The Rotary Club first considered producing a cookbook, but later granted permission to the Chamber of Commerce to assume the project. The committee selected and edited recipes from the existing collection prior to collecting others. A special effort was made to gather recipes which not only had become part of the local culinary lore, but to achieve a balance of “useful” recipes.
Another special effort was made to gather recipes from former residents in various parts of the country. For example, Turner Catledge, retired editor of the New York Times, was kind enough to send us his recipe for cheese grits. Mr. Catledge grew up in Neshoba County and now lives in New Orleans. He and Mrs. Catledge gave a dinner party in their home for Van Cliburn, whose father, the late Harvey Lavan Cliburn, was born and reared in Neshoba County, Catledge and Cliburn had much to talk about at that dinner party, which included that grits casserole.

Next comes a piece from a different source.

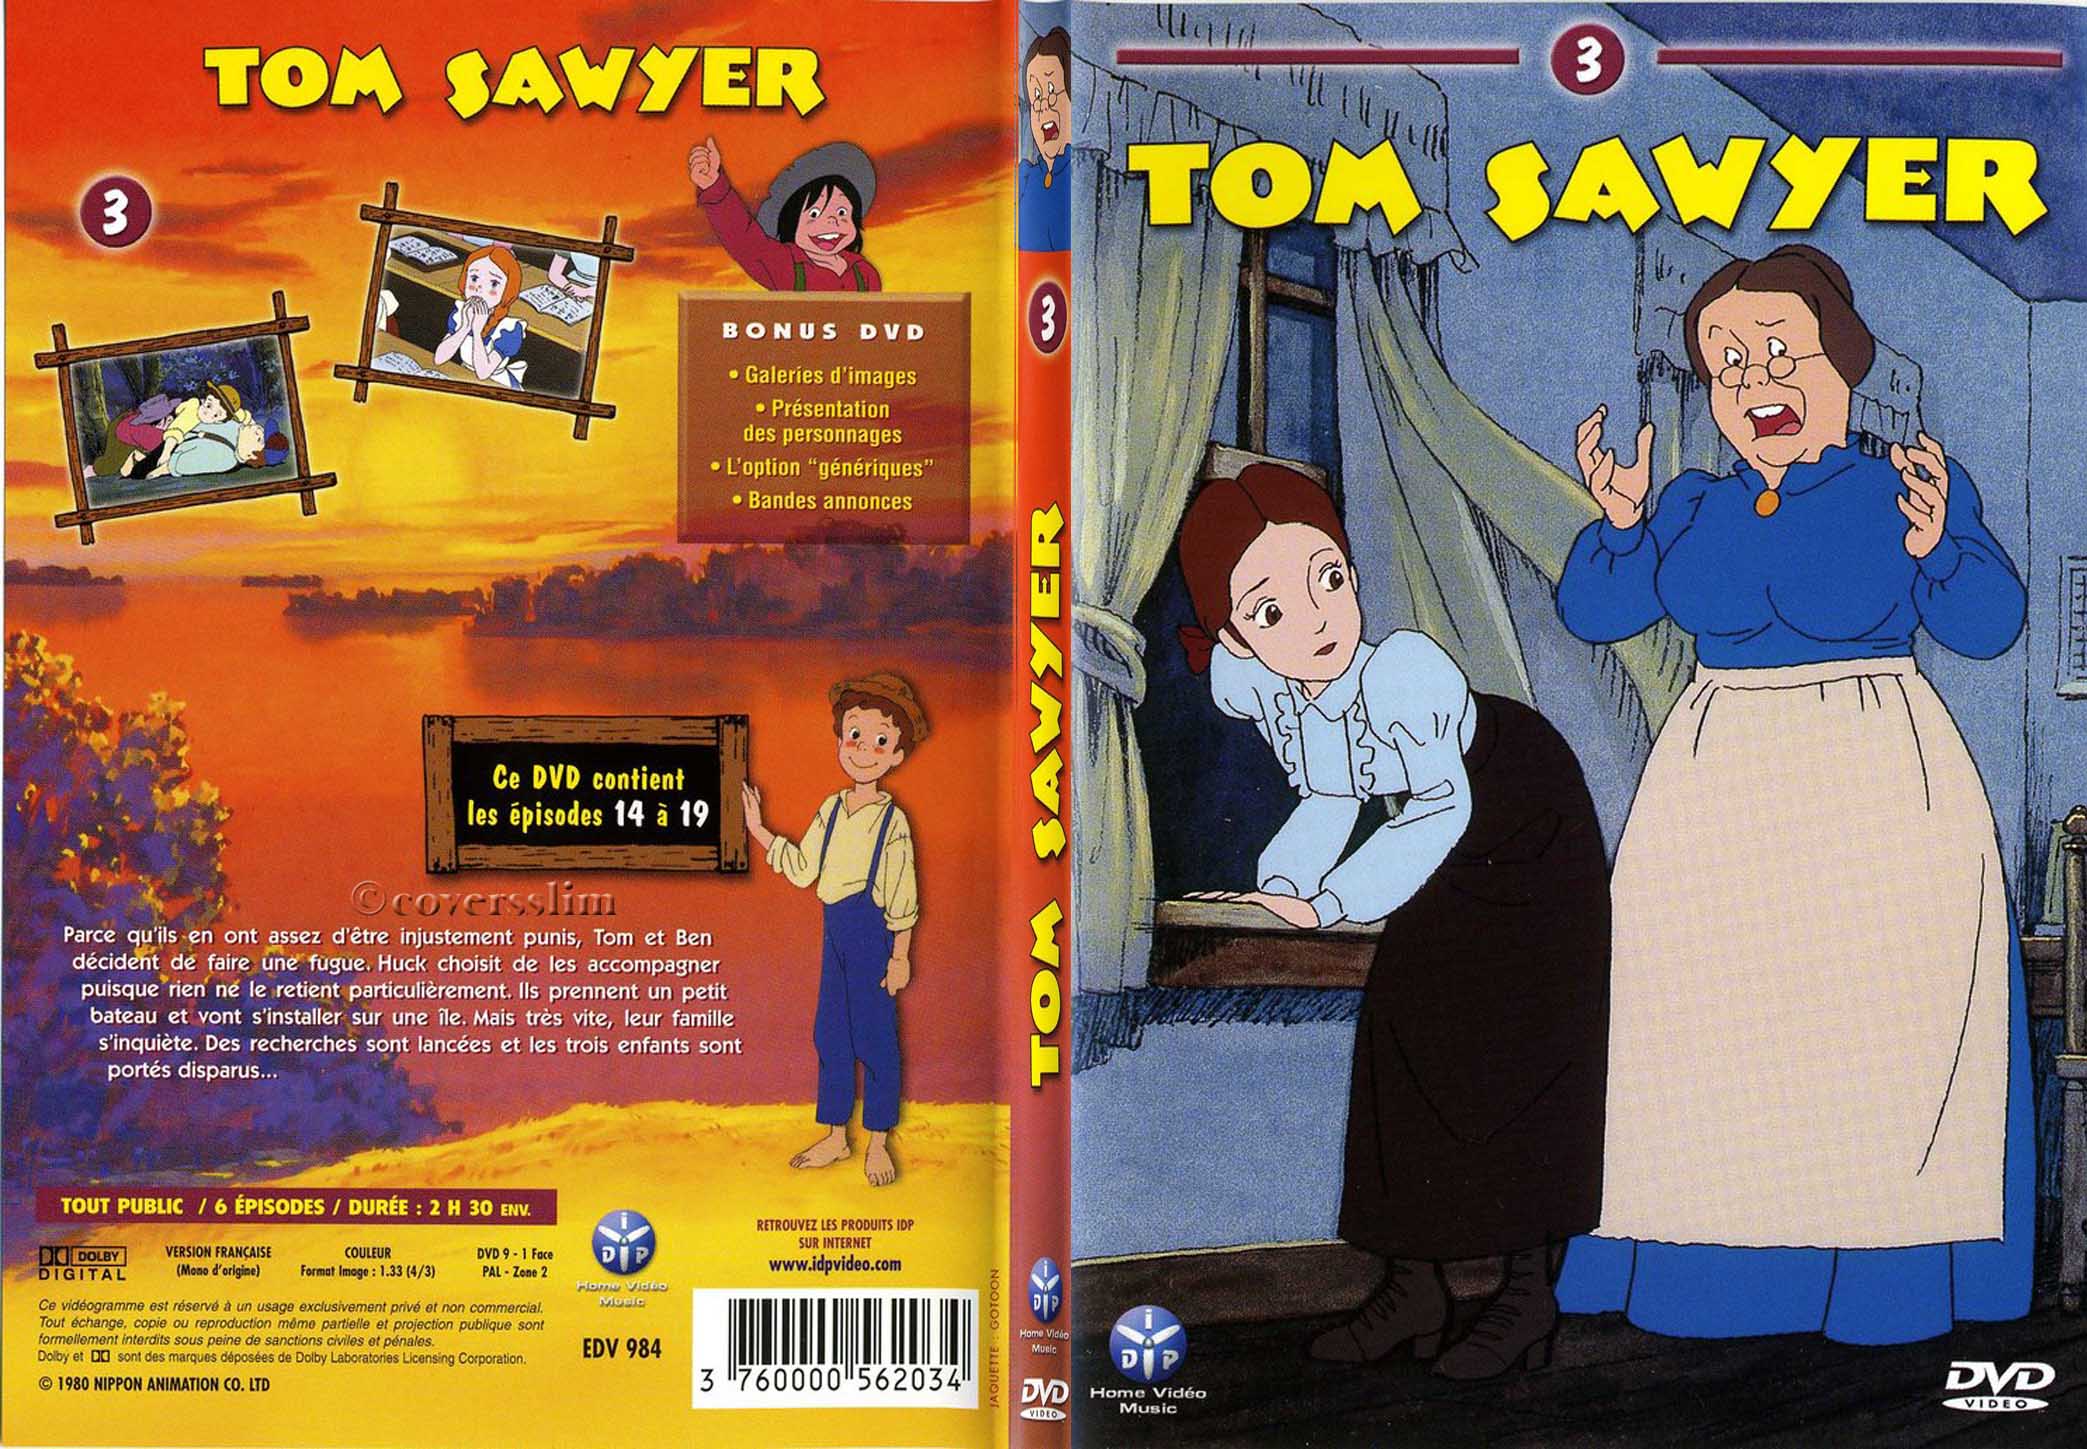 Jaquette DVD Tom Sawyer vol 3 - SLIM

Also, closer to home, we are delighted to include a recipe for Blackberry Trifle from Mrs. Fannie Johnson Smith, who at the age of 102 vividly recalls the day in 1889 when, at the age of 10, she accompanied her parents across a hill or two to the first Neshoba County Fair. —Stanley Dearman
Catledge Cheese Grits
1 cup grits 4 cups water 1 teaspoon salt 1 egg, slightly beaten 1 ½ cups grated cheese Dash of red pepper’1/2 stick butter
Combine grits, salt, and water and bring to a boil, stirring well. Place over bottom of a double boiler and cook for 40 minutes. While this is cooking, preheat oven to 350 degrees. Add cheese, eggs, butter and pepper. Place in a Pyrex dish and heat in oven about 30 minutes.
Blackberry Trifle
1 cup blackberry trifle 1 cup sugar 1 cup buttermilk ½ cup butter 2 tablespoons flour 4 eggs, separated 1 teaspoon vanilla 1 9-in. unbaked pie shell 4 tablespoons sugar
Preheat oven to 350 degrees. Mix well jam, sugar, buttermilk, butter, flour, egg yolks, and vanilla. Pour into pie shell. Bake about 40 minutes. Beat egg whites until stiff, gradually adding 4 tablespoons of sugar. Spread meringue on top of pie and return to oven to brown lightly.
Blackberry Acid
3 gallons blackberries ½ gallon boiling water 4 ounces tartaric acid 1 ½ cups sugar to 1 cup juices
Crush berries, add boiling water, and let stand 24 hours. Strain, add tartaric acid and sugar. Let stand at least 24 hours before bottling.